(Material provided):
[Start of Attachment]
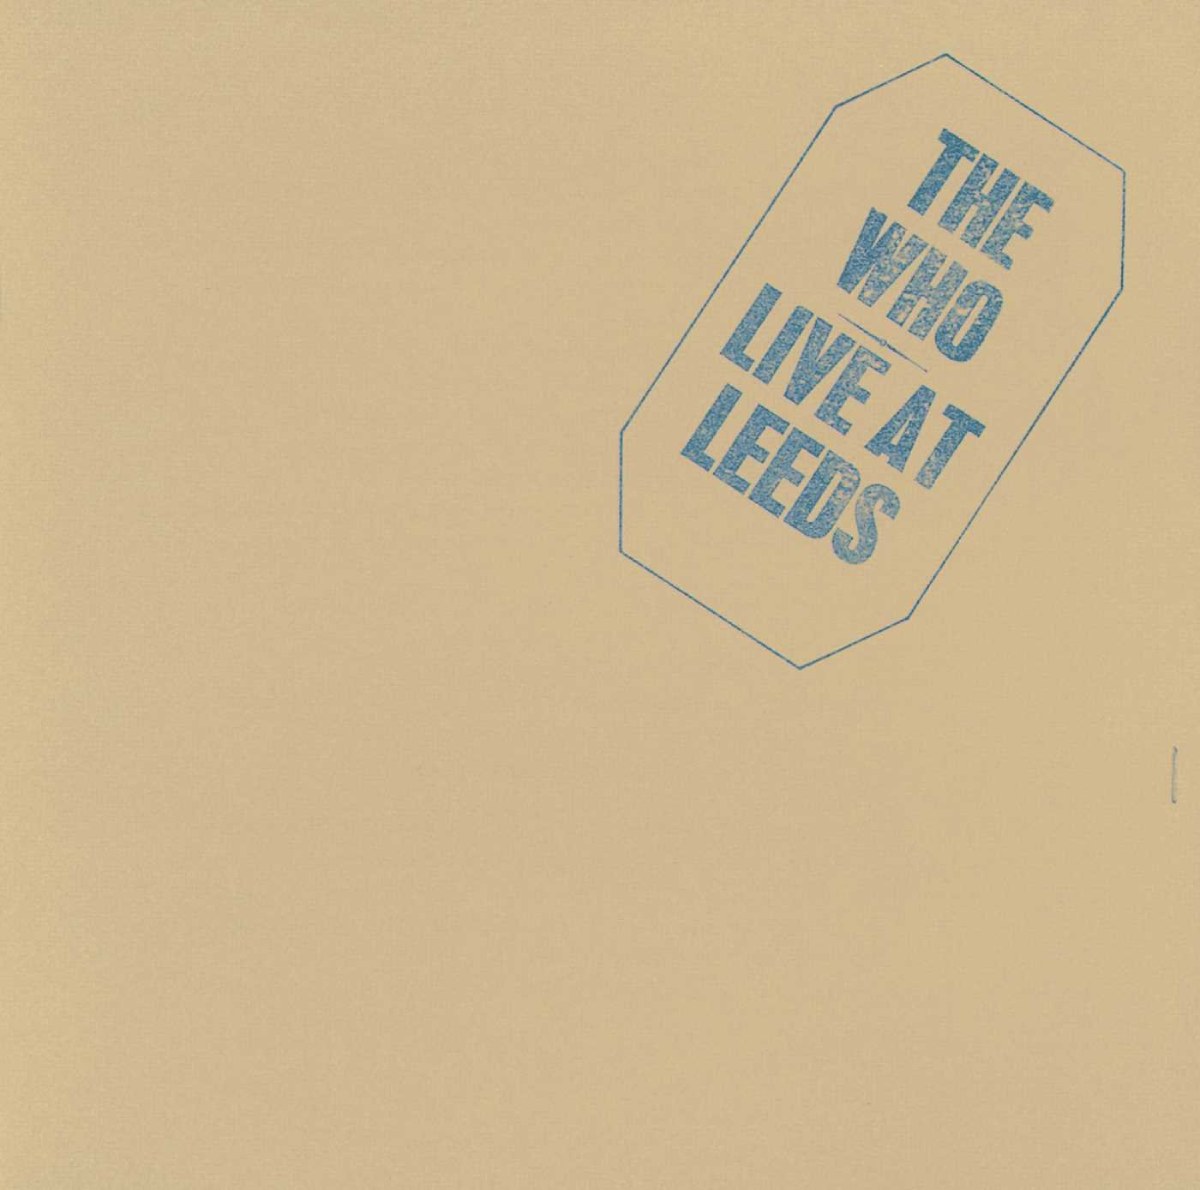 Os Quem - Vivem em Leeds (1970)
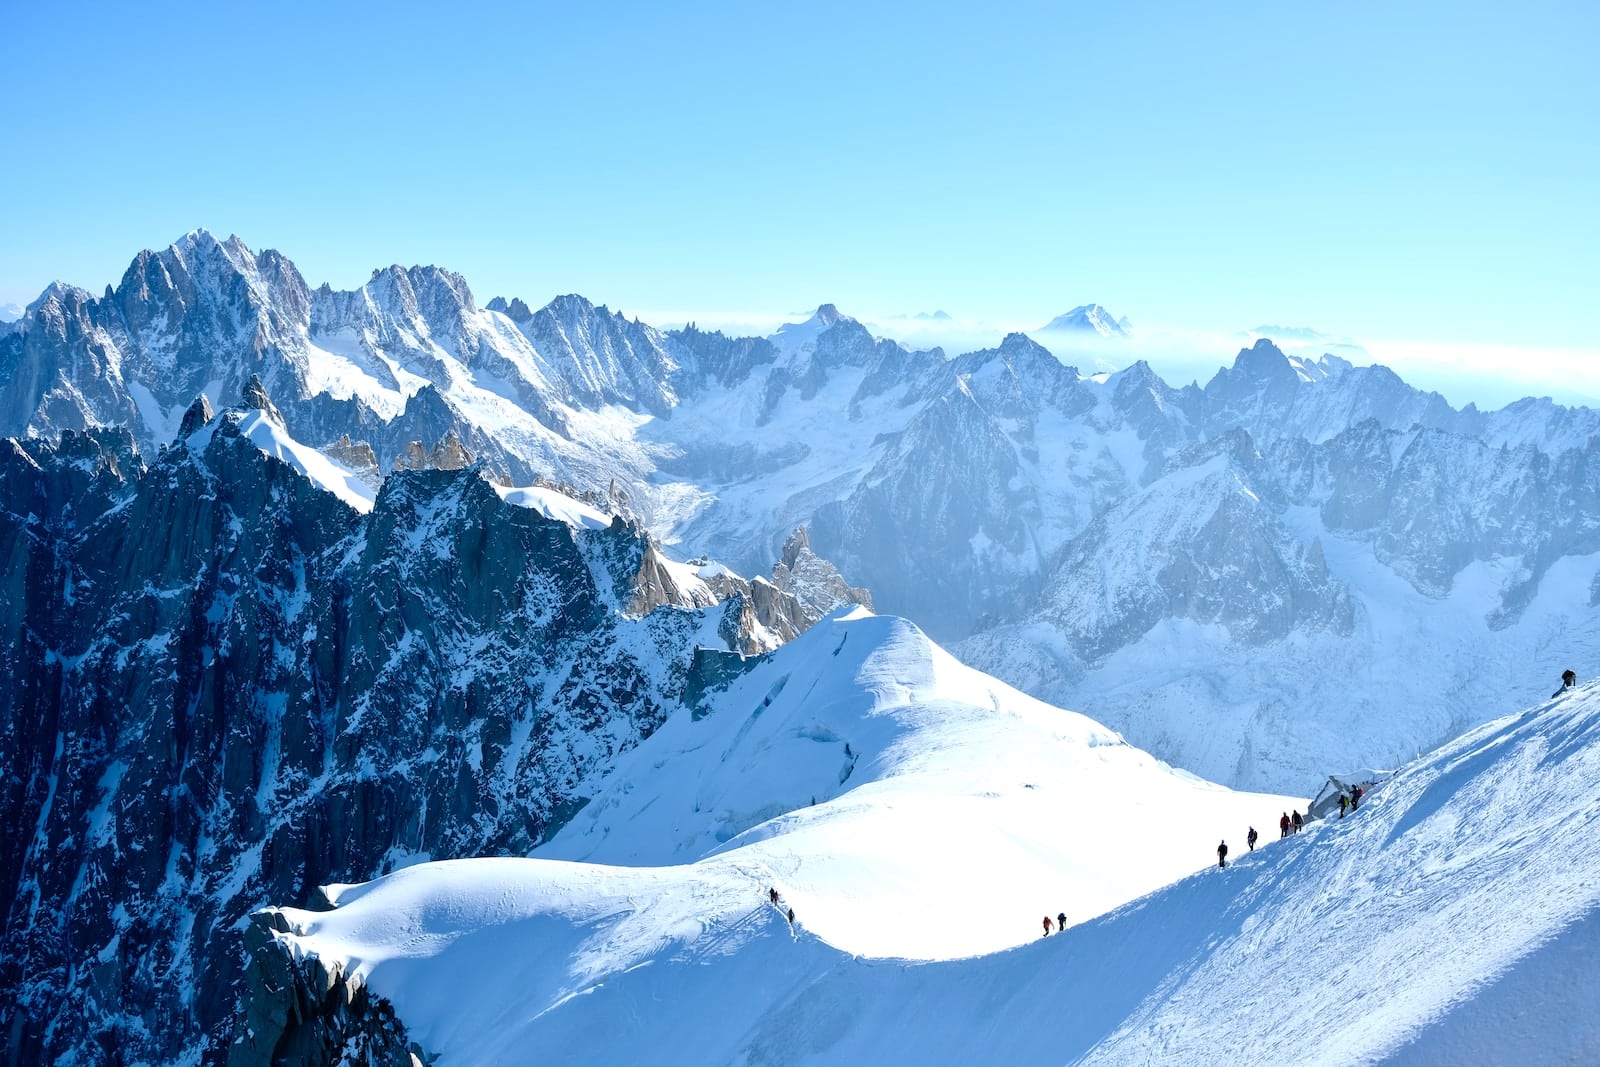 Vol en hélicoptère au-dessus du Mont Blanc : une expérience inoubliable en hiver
[End of Attachment]
[Start of Attachment]
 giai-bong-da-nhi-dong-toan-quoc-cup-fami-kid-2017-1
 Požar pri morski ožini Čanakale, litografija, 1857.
[End of Attachment]
(Work task): Exactly the lines above, from the one containing "Os Quem - Vivem em Leeds (1970)" down to the one containing "Vol en hélicoptère", are to be repeated, including both ends. Pictures are not part of the copy.

(Output for this task):
 Os Quem - Vivem em Leeds (1970)
 Vol en hélicoptère au-dessus du Mont Blanc : une expérience inoubliable en hiver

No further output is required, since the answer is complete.